Tech & Innovation in Healthcare

Is synaptic density an indicator of early-stage AD? Find out.

With the number of patients affected by dementia and Alzheimer’s disease (AD) (thought to be the most common form of dementia) estimated to nearly double by 2050, researchers are working tirelessly to detect the disease at earlier stages and learn how to treat it effectively.

Learn how researchers at Yale University and Stony Brook University are using imaging tests to assess how AD affects the brains of living subjects.

Project the Effects of Alzheimer’s Disease on the Aging Population

According to a 2022 Alzheimer’s Association report, approximately 6.5 million Americans 65 years and older are living with AD, and that number is projected to reach 12.7 million people by 2050. AD slowly deteriorates the memory and thinking skills and is the most common cause of dementia among older adults.

In 2020, the National Institute of Health (NIH) announced the annual investment of funding for Alzheimer’s disease and dementia research was raised to $3.1 billion. While scientists have not discovered a common cause of AD for most people, researchers continue to try to understand the debilitating disease.

Use PET Scans to Assess Synaptic Density

Yale University researchers, led by Adam Mecca, MD, PhD, assistant professor of psychiatry, and Christopher van Dyck, MD, professor of psychiatry, neurology, and neuroscience, both from the Alzheimer’s Disease Research Unit at Yale University School of Medicine in New Haven, Connecticut, published a study in February 2022. During the study, researchers evaluated synaptic density in living brains to assess if a decrease in synaptic density causes AD to progress. Using a compound tracer that binds to the glycoprotein 2A (SV2A) synaptic vesicle, researchers could use positron emission tomography (PET) imaging to measure the synaptic density. Almost every synapse expresses the SV2A protein, which is located in synaptic vesicles at presynaptic terminals in the brain.

During the study, the researchers aimed to “examine the relationship between synaptic density and cognitive performance in early AD” using the PET imaging and “an extensive neuropsychological test battery,” Mecca and van Dyck wrote. The researchers hypothesized that synaptic density in brain areas typically affected by AD is associated with global neuropsychological function and in individual cognitive domains. Multiple studies have found that loss of synaptic function is a major factor in the cognitive impairment in AD.

Yale researchers studied 45 participants with early AD, ranging from 50 to 85 years old. During the study, researchers also examined the participants’ global cognition and performance on “five individual cognitive domains,” which included:

• Verbal memory
• Language
• Executive function
• Processing speed
• Visuospatial ability (orienting objects in space)

The results showed a correlation between the global cognition and the subjects’ performance on the cognitive domains listed above. Comparing the synaptic density as measured by the PET scans to the cognitive performance, researchers found that subjects with reduced synaptic density experienced lower test scores.

“These results confirm neuropathologic studies demonstrating a significant association between synaptic density and cognitive performance, and suggest that this correlation extends to the mild and prodromal stages of AD,” the authors wrote.

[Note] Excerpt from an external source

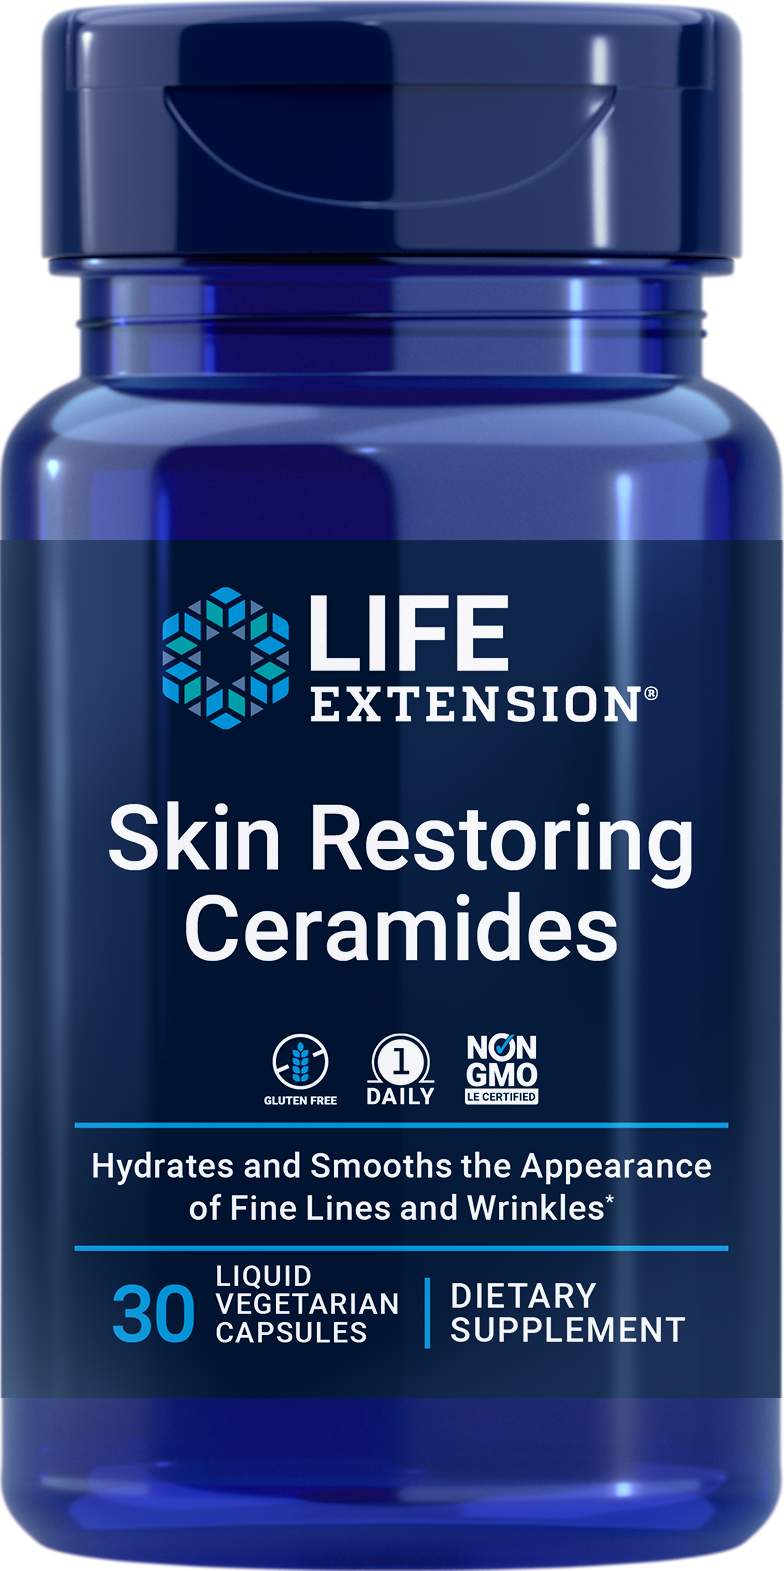 Skin Restoring Ceramides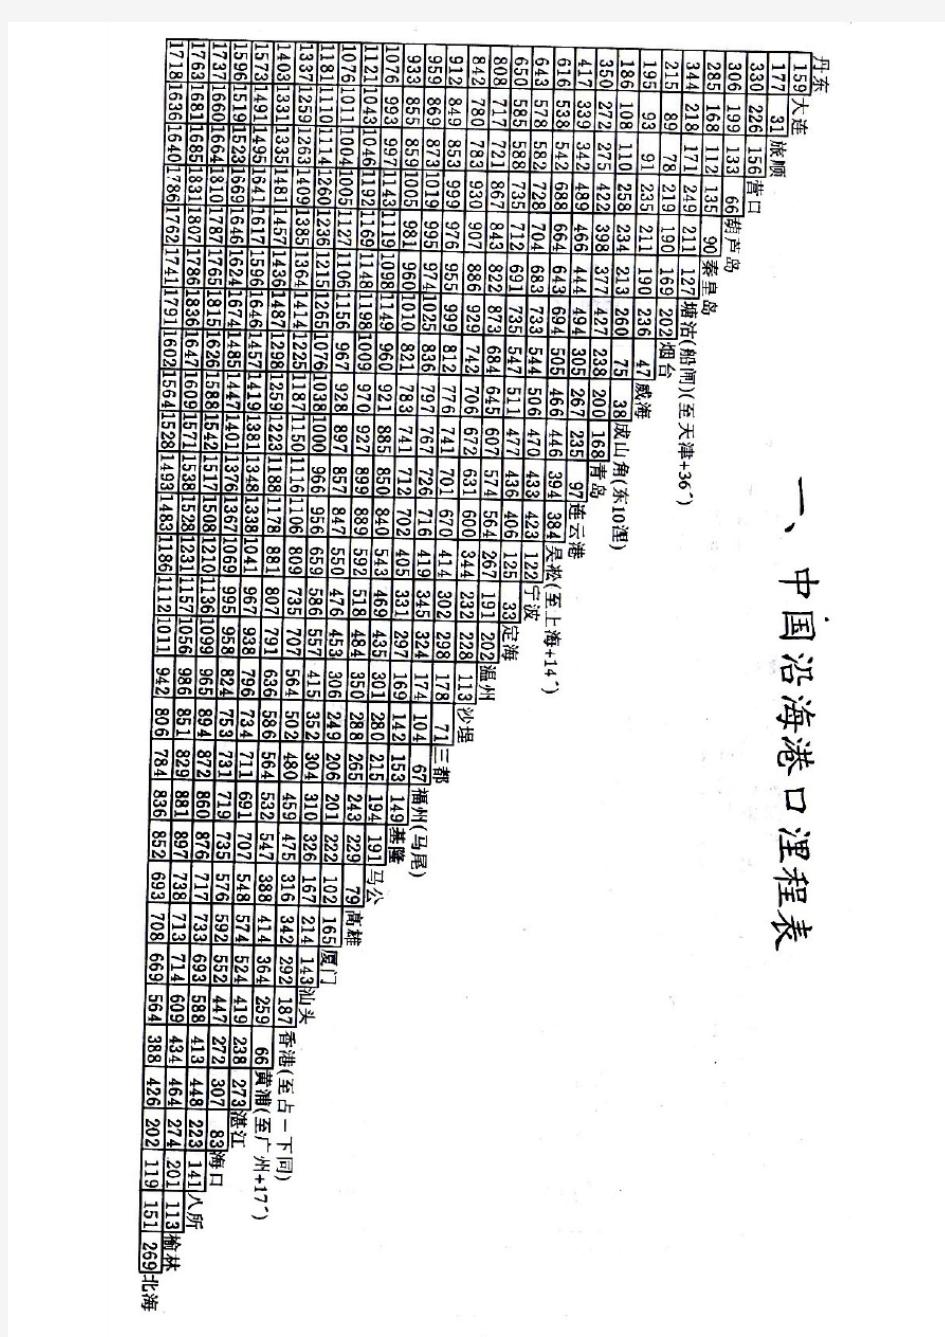 中国沿海港口里程表

Even when comparing the synaptic density to gray matter volume, researchers found that the measure of synaptic loss measured by the PET scans provided a more accurate assessment. As AD progresses, patients can experience an overall loss of brain volume. Gray matter is the outer brain layer that normally houses a high density of neurons. During the study, the reduced gray matter volume accurately predicted lower test scores in only two of the five cognition performance tests.

While this study showed that PET scans can be useful in early detection of AD, longer studies are needed over time as the disease develops to assess if synaptic density can serve as a reliable predictor of cognitive health decline.

Image the Cholinergic System With Simultaneous PET/MRI

Researchers at Stony Brook University’s Renaissance School of Medicine, led by biomedical engineer, Christine DeLorenzo, PhD, are currently studying how damage occurs to the brain’s cholinergic neurons, which results in AD.

The cholinergic system of the brain handles the synthesis and secretion of acetylcholine. When the system experiences cholinergic neuron progressive degeneration, the acetylcholine depletes, which results in cognitive decline. This is a significant contributor to AD in patients.

Using PET scans, Stony Brook Medicine researchers can image the cholinergic system both mice and human beings’ living brains. With these scans, the researchers are able to compare the studies done with mice to the same gene expression in AD to further evaluate the human cholinergic system.

Stony Brook researchers are also using simultaneous PET and magnetic resonance imaging (MRI) scans to examine the cholinergic system and its effects on the brain structure and function. The concurrent scanning lets researchers to view human subjects’ brains in health and disease.

The Stony Brook University study is ongoing, but in September 2019, the NIH awarded the Stony Brook team a $4.3 million grant over five years to fund their study.